A pesare sulle previsioni di crescita c’è innanzitutto l’outlook sull’inflazione, che risulta più debole delle attese: questo ha incentivato una politica monetaria più accomodante da parte delle banche centrali. “Anche se può sembrare una notizia positiva per i mercati azionari (tassi di interesse inferiori rendono i risparmi liquidi relativamente meno attraenti), una minore inflazione può aumentare la pressione sui margini di profitto”, precisa Wade. Infatti, le società stanno affrontando anche salari in aumento. “In una situazione di maggiore inflazione, il maggiore costo della manodopera può essere gestito più facilmente attraverso l’innalzamento dei prezzi finali. Al contrario, quando l’inflazione è limitata e i produttori non riescono a gestire al meglio i costi addizionali, il peso ricade sui margini di profitto”.

INVERSIONE DI TENDENZA

La recente espansione economica degli Usa, fa notare l’esperto di Schroders, è stata guidata proprio dall’alto livello dei margini di profitto di cui hanno goduto le imprese. Tuttavia, “l’altra faccia della medaglia è stata rappresentata da una crescita debole dei salari”, che in molti Paesi ha alimentato la retorica dei movimenti populisti. “Guardando al futuro, riteniamo che questa situazione potrebbe cambiare”, spiega Wade.

PROFITTI USA, VERSO UN CALO NEL 2020

Secondo le stime dell’economista, non è in vista una recessione negli Usa, ma “il nostro modello di previsione indica di prestare particolare attenzione agli utili Usa. Ci aspettiamo che i profitti raggiungano il picco nel terzo trimestre del 2019 e che poi scendano in linea con un’economia statunitense più debole. In generale, prevediamo che i profitti Usa (escluso il settore finanziario) aumenteranno del 6% nel 2019, ma poi perderanno il 4% nel 2020”. I motivi sono legati al fatto che una crescita economica inferiore al trend significa minore utilizzo di capacità, e ciò scatena pressioni al ribasso sui profitti.

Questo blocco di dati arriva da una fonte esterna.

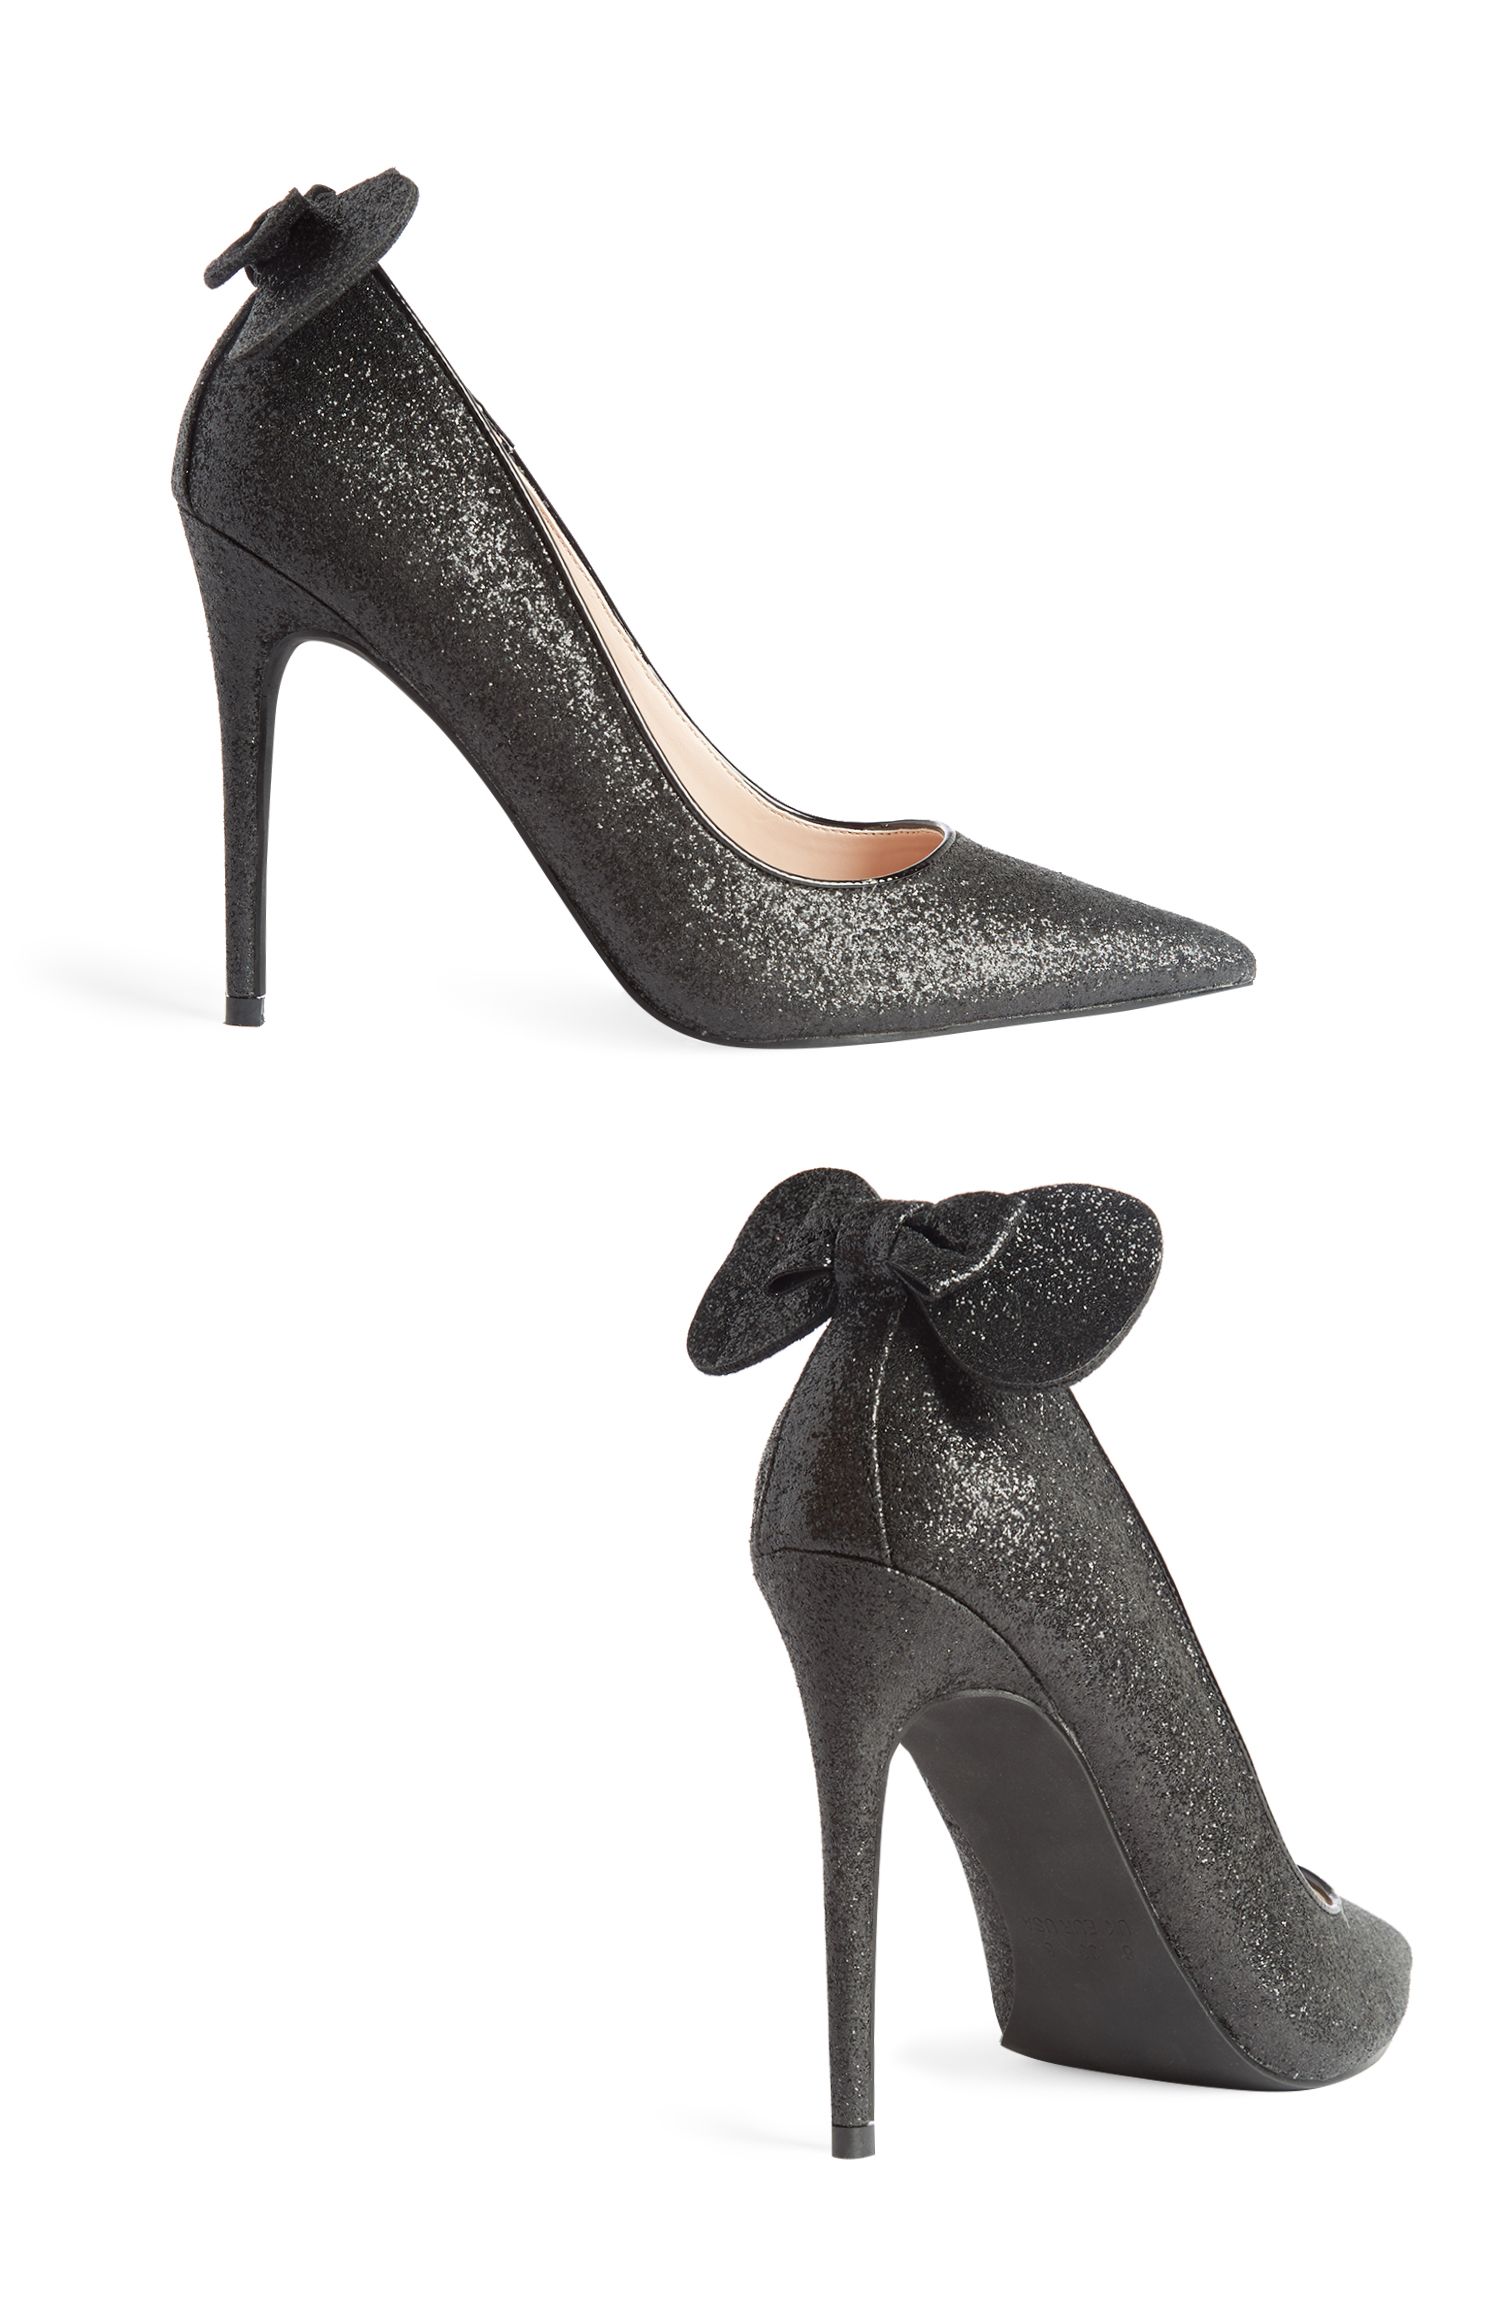 primark black heels

Inoltre, i margini di profitto si ridurranno all’aumentare dei costi di manodopera, mentre l’inflazione e la produttività scenderanno in un contesto di crescita più debole.

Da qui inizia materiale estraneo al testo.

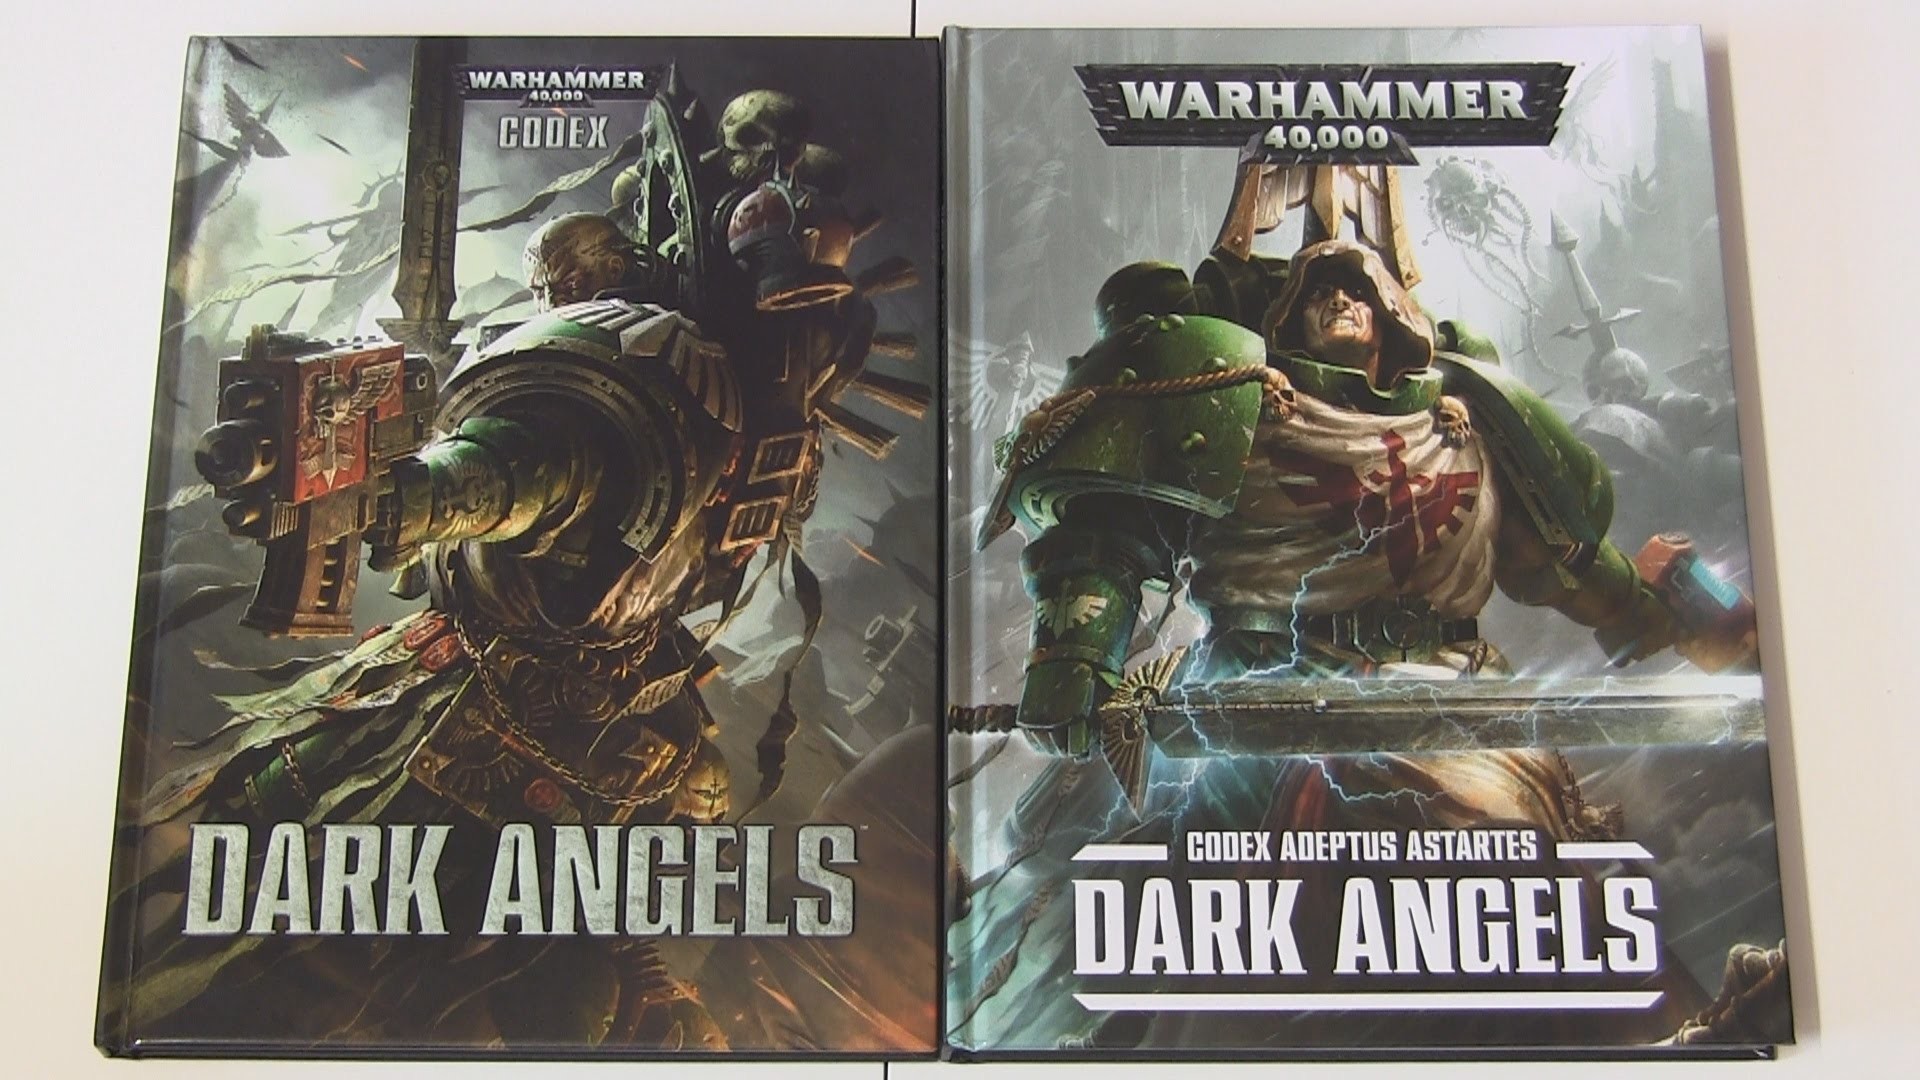 1920x1080 New Dark Angels Codex (Warhammer 40,000) - Overview

SCENARI ALTERNATIVI, VERSO PROFITTI ANCORA INFERIORI

Gli esperti di Schroders delineano anche scenari alternativi. “La percentuale dei profitti sul Pil vedrebbe un declino ancora più brusco se nel 2020 dovessimo assistere a una recessione negli Stati Uniti”, fa sapere Wade. “In questo caso, i profitti potrebbero vedere un calo del 13,5% (linea verde nel grafico). In uno scenario di recessione globale a esclusione degli Stati Uniti, il calo dei profitti sarebbe del 7,4% nel 2020 (linea blu)”. Soltanto due scenari mostrano una crescita dei profitti: il primo prevede che “la Cina cercherà di evitare un rallentamento economico più ampio introducendo stimoli per la crescita e l’inflazione con spese fiscali extra”; per il secondo “la crescita Usa sorprenderà ancora grazie a una solidità maggiore sul lato dell’offerta (linee viola e rossa)”.

Fonte: Thomson Datastream, Schroders Economics Group. 27 marzo 2019.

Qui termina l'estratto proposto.